Dick Gordon listened, thunderstruck.
“Are you sure it wasn’t your imagination, Miss Bennett?” he asked. “I am afraid the Frog is getting on all our nerves.”
“It may have been,” she nodded; “but I was within a few feet of him, and a patch of light, reflected from his blotter, caught the wrist for a second.”
“Did you speak to Johnson about it?”
She shook her head.
“I thought afterwards that even he, with all his long years of service, might not have observed the tattoo mark. I remember now that Ray told me Mr. Maitland always wore gloves, summer or winter.”
Dick was puzzled. It was unlikely that this man, the head of a great financial corporation, should be associated with a gang of tramps. And yet——
“When is your brother going to Horsham?” he asked.
“On Sunday,” said the girl. “He has promised father to come to lunch.”
“I suppose,” said the cunning young man, “that it isn’t possible to ask me to be a fourth?”
“You will be a fifth,” she smiled. “Mr. Johnson is coming down too. Poor Mr. Johnson is scared of father, and I think the fear is mutual. Father resembles Maitland in that respect, that he does not like strangers. I’ll invite you anyway,” she said, and the prospect of the Sunday meeting cheered her.
Elk came to see him that night, just as he was going out to a theatre, and Dick related the girl’s suspicion. To his surprise, Elk took the startling theory very coolly.
“It’s possible,” he said, “but it’s more likely that the tattoo mark isn’t a frog at all. Old Maitland was a seaman as a boy—at least, that is what the only biography of him in existence says. It’s a half-column that appeared in a London newspaper about twelve years ago, when he bought up Lord Meister’s place on the Embankment and began to enlarge his offices. I’ll tell you this, Mr. Gordon, that I’m quite prepared to believe anything of old Maitland.”
“Why?” asked Dick in astonishment. He knew nothing of the discoveries which the detective had made.
“Because I just should,” said Elk. “Men who make millions are not ordinary. If they were ordinary they wouldn’t be millionaires. I’ll inquire about that tattoo mark.”
Dick’s attention was diverted from the Frogs that week by an unusual circumstance. On the Tuesday he was sent for by the Foreign Minister’s secretary, and, to his surprise, he was received personally by the august head of that department. The reason for this signal honour was disclosed.

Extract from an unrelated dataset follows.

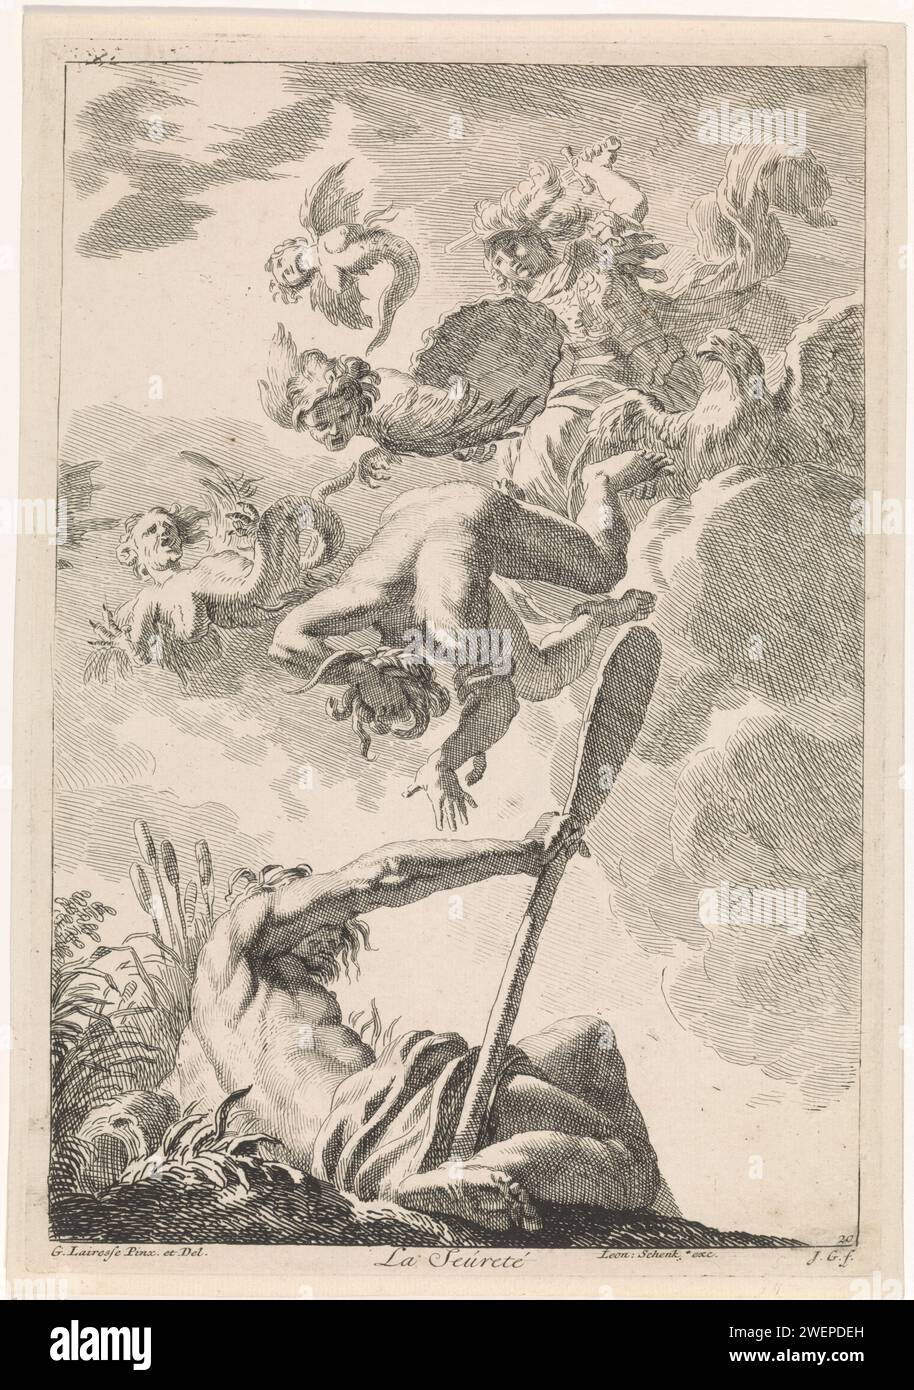 Minerva déplace l'envie : une allégorie par certitude, Johannes glaber, d'après Gerard de Lairesse, 1672 - 1726 imprimer la déesse Minerve déplace trois harpes et la personnification de l'envie du ciel. Au premier plan la personnification de la rivière Amstel. L'estampe est une peinture de plafond de Gérard de Lairesse et fait partie d'une série avec des représentations bibliques, mythologiques et allégoriques. Gravure sur papier (histoire de) Minerva (Pallas, Athéna). Envie ; 'Invidia' (Ripa) ~ personnification de l'un des sept péchés capitaux. rivière personnifiée, 'Fiumi' (Ripa). Harpies (mythologie classique) Amstel (rivière) Banque D'Images

“Captain Gordon,” said the Minister, “I am expecting from France the draft commercial treaty that is to be signed as between ourselves and the French and Italian Governments. It is very important that this document should be well guarded because—and I tell you this in confidence—it deals with a revision of tariff rates. I won’t compromise you by telling you in what manner the revisions are applied, but it is essential that the King’s Messenger who is bringing the treaty should be well guarded, and I wish to supplement the ordinary police protection by sending you to Dover to meet him. It is a little outside your duties, but your Intelligence work during the war must be my excuse for saddling you with this responsibility. Three members of the French and Italian secret police will accompany him to Dover, when you and your men will take on the guard duty, and remain until you personally see the document deposited in my own safe.”
Like many other important duties, this proved to be wholly unexciting. The Messenger was picked up on the quay at Dover, shepherded into a Pullman coupé which had been reserved for him, and the passage-way outside the coupé was patrolled by two men from Scotland Yard. At Victoria a car, driven by a chauffeur-policeman and guarded by armed men, picked up the Messenger and Dick, and drove them to Calden Gardens. In his library the Foreign Secretary examined the seals carefully, and then, in the presence of Dick and the Detective-Inspector who had commanded the escort, placed the envelope in the safe.
“I don’t suppose for one moment,” said the Foreign Minister with a smile, after all the visitors but Dick had departed, “that our friends the Frogs are greatly interested. Yet, curiously enough, I had them in my mind, and this was responsible for the extraordinary precautions we have taken. There is, I suppose, no further clue in the Genter murder?”
“None, sir—so far as I know. Domestic crime isn’t really in my department. And any kind of crime does not come to the Public Prosecutor until the case against an accused person is ready to be presented.”
“It is a pity,” said Lord Farmley. “I could wish that the matter of the Frogs was not entirely in the hands of Scotland Yard. It is so out of the ordinary, and such a menace to society, that I should feel more happy if some extra department were controlling the investigations.”
Dick Gordon might have said that he was itching to assume that control, but he refrained. His lordship fingered his shaven chin thoughtfully. He was an austere man of sixty, delicately featured, as delicately wrinkled, the product of that subtle school of diplomacy which is at once urbane and ruthless, which slays with a bow, and is never quite so dangerous as when it is most polite.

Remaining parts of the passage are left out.